Final Go: 6,866 ops/s GET by token, 12,122 ops/s concurrent POSTs, 44.5 MB RSS.
The Final Comparison
Tested 2026-05-25 on Apple M1 (arm64), macOS 26.0. Three backends, same session, fresh starts, clean databases.
| Metric | Go | Swift | Node.js |
|---|---|---|---|
| POST list (seq) ops/s | 4,370 | 3,301 | 2,975 |
| POST list P50 latency | 0.20ms | 0.25ms | 0.26ms |
| POST list (c=10) ops/s | 12,122 | 8,620 | 2,479 |
| GET by token (seq) ops/s | 6,866 | 5,049 | 1,024 |
| GET by token P50 latency | 0.13ms | 0.19ms | 0.69ms |
| Memory idle RSS | 44.5 MB | 56.1 MB* | 121.8 MB |
| Binary size | 10 MB | 17 MB | ~350 MB† |
*Swift RSS varies; historical range 27–56 MB.
†Node.js binary size includes node_modules.
What I got wrong
Swift won’t be fastest by default. The actor model is genuinely good — the safety guarantees are worth having — but the LLM naturally reaches for the most correct-looking structure, not the most profiled one. Two actors sounds right. Two cooperative suspensions per request at 5–15μs each is 139 ops/s.
Node.js won’t be dramatically slower. Sequential write gap is Go at 4,370 vs Node.js at 2,975 — 1.5x, not an order of magnitude. Concurrent writes are worse (12,122 vs 2,479), but that’s a fundamental architectural constraint: better-sqlite3 is synchronous and serializes on the event loop thread. When Node.js can hand work to C++ it does it efficiently. OpenSSL through the native crypto module isn’t a slow JavaScript wrapper. V8 has had a lot of investment. The runtime isn’t what’s slow.
Bravo to Node.js for holding its own, despite being the icky slow JavaScript it’s said to run underneath.
Go wouldn’t just be a nice middle ground.

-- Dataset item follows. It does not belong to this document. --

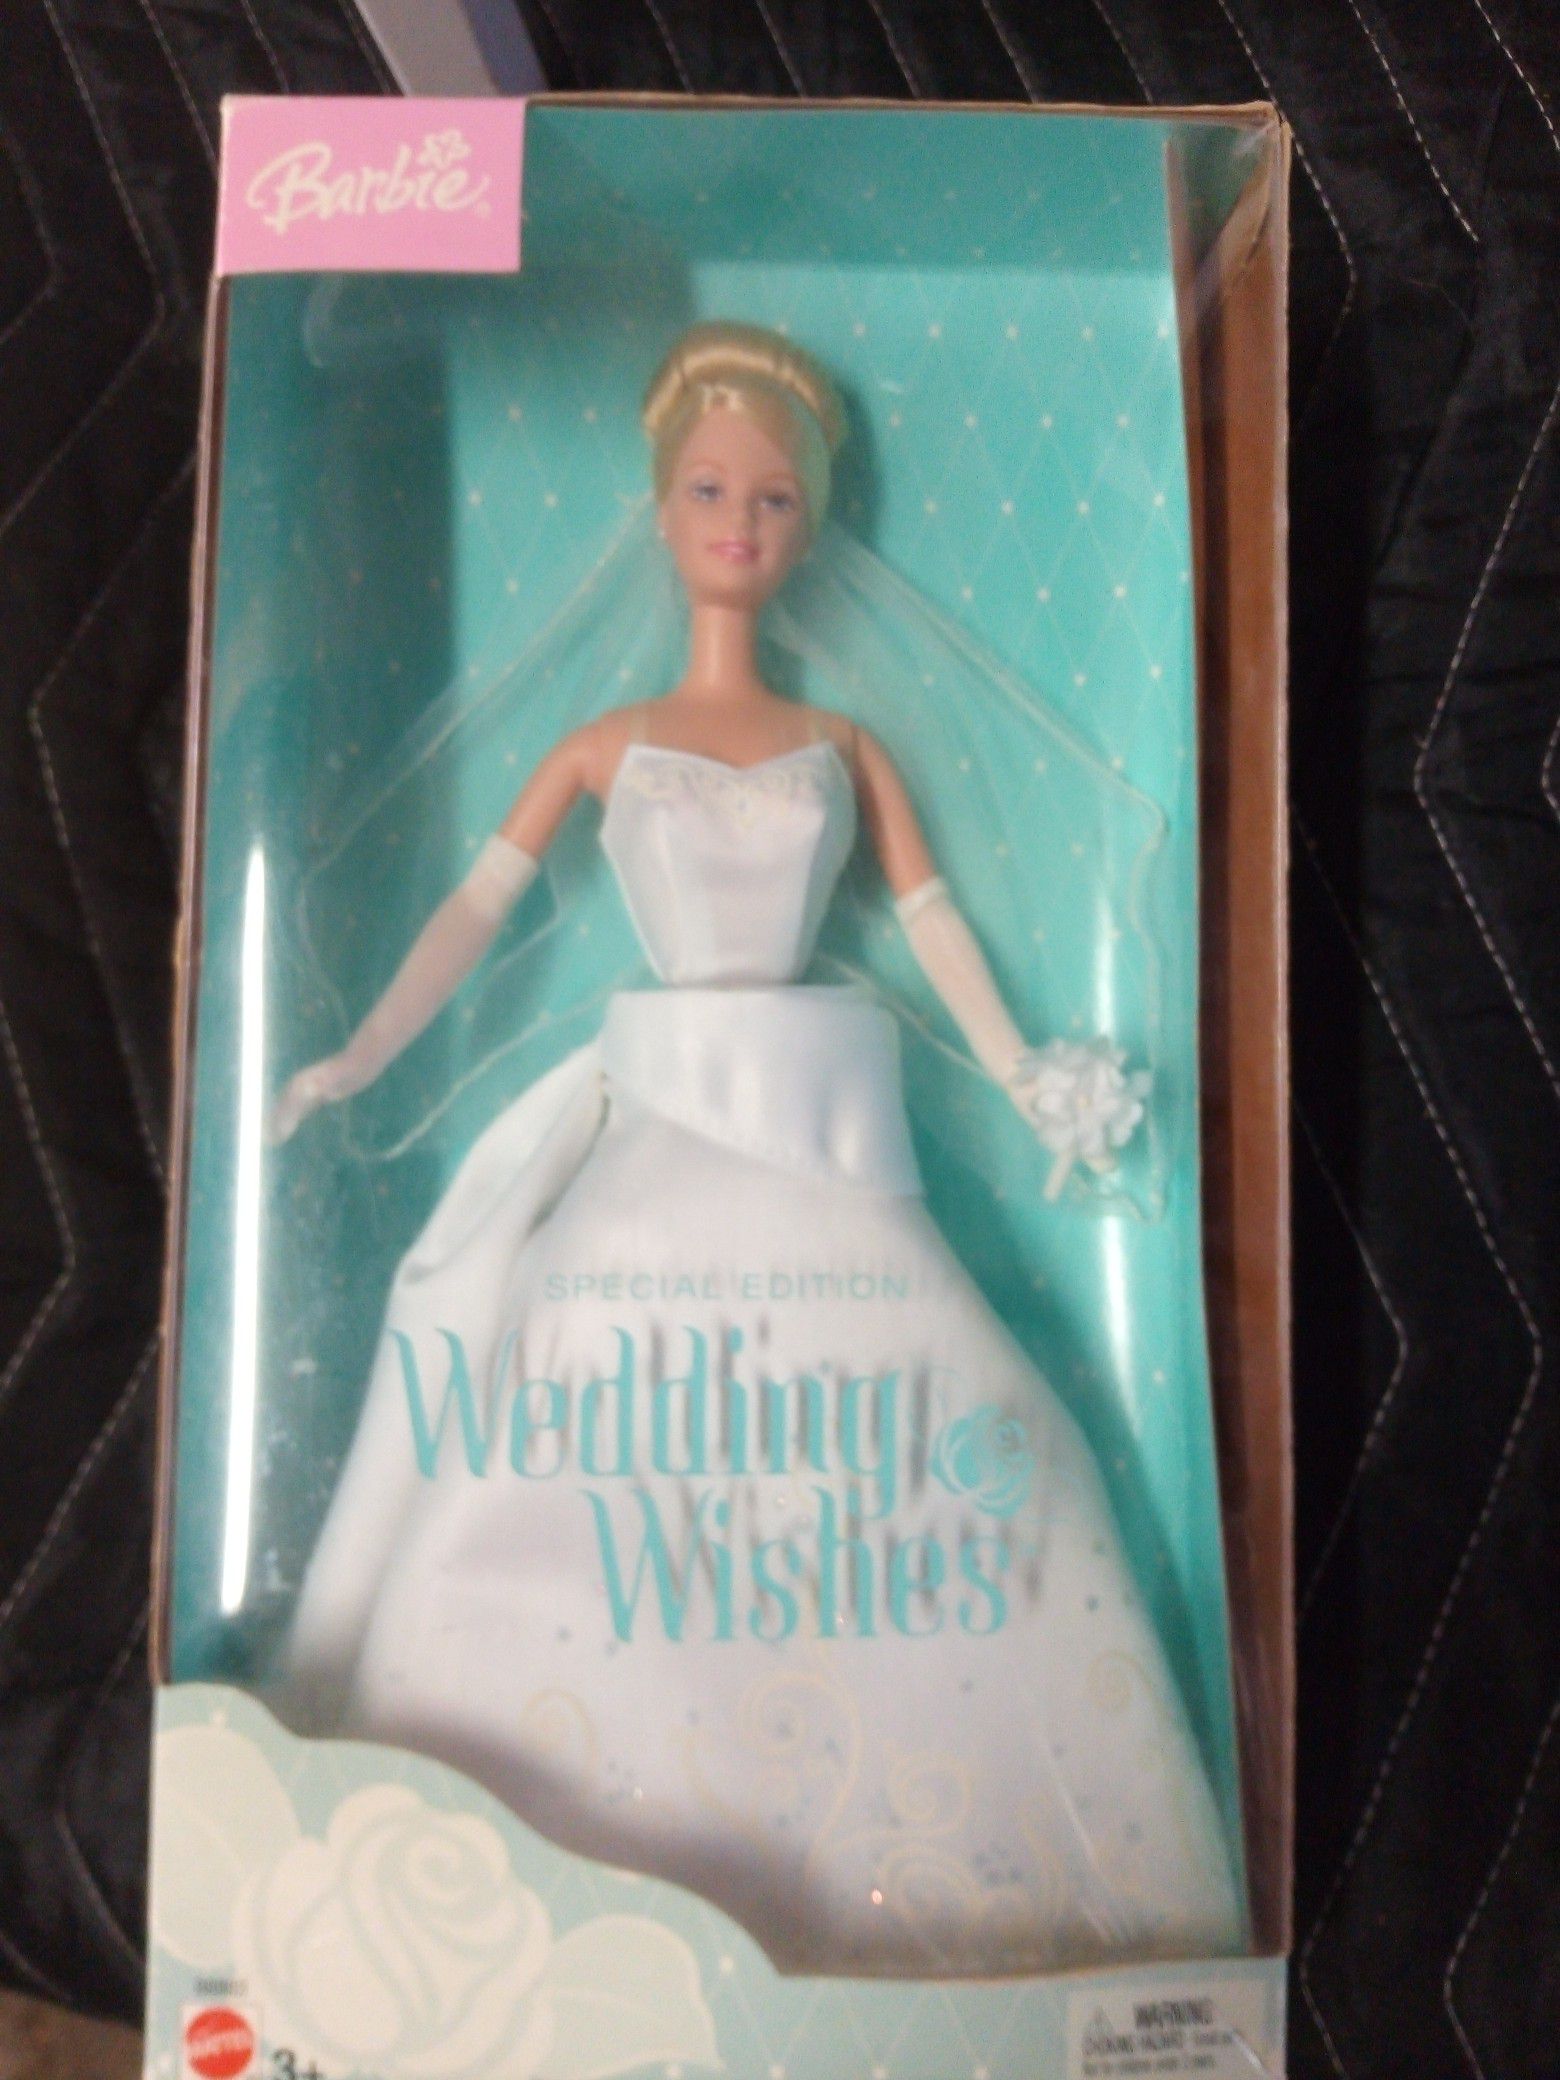 Wedding Wishes special edition 2003 unopened

It won across the board, often by a significant margin. The stdlib is extremely well optimized — SHA-256 uses BoringSSL, hex encoding is direct byte ops with no reflection, the HTTP server is Google’s own production-grade work. The LLM went with stdlib throughout and the choices held up. Go’s single-minded approach to simplicity and performance tuning does make you want to hold everything else to the same standard.
The actual takeaway
In every case, the initial code looked correct. The Swift actor chain passed strict concurrency checking. Web Crypto is the officially recommended modern API. String(format:) is in Apple’s own documentation examples. None of these were bugs.
LLMs optimize for code that looks right and follows documented patterns — which is most of what’s been written. They don’t profile. They don’t have a feel for what a given abstraction costs.
What ended up being useful wasn’t writing more code. It was asking “what is this actually doing at runtime?” when something already looked clean, and being willing to measure rather than assume. And then having your assumptions turn out to be wrong anyway.
The Node.js version got the most guidance, as it was the first implementation. The more autonomous Go and Swift implementations had more interesting structural problems — “less hand-holding” just meant the LLM made its own decisions, and some of those were questionable.
Augmenting the coding environment’s system prompt, using proper guardrails in agent config, or reaching for ecosystem-specific best-practice files would probably steer the LLM faster. But the experiment was to see what the defaults are. And many of those defaults are bottlenecked by the model’s knowledge cutoff — which is a different and increasingly depressing story.
These benchmarks are single-machine, in-process, no network latency. The LLMs used were a mix of locally-hosted Qwen 3.6 27B, OpenCode Go’s DeepSeek V4 Flash, and some Claude Code.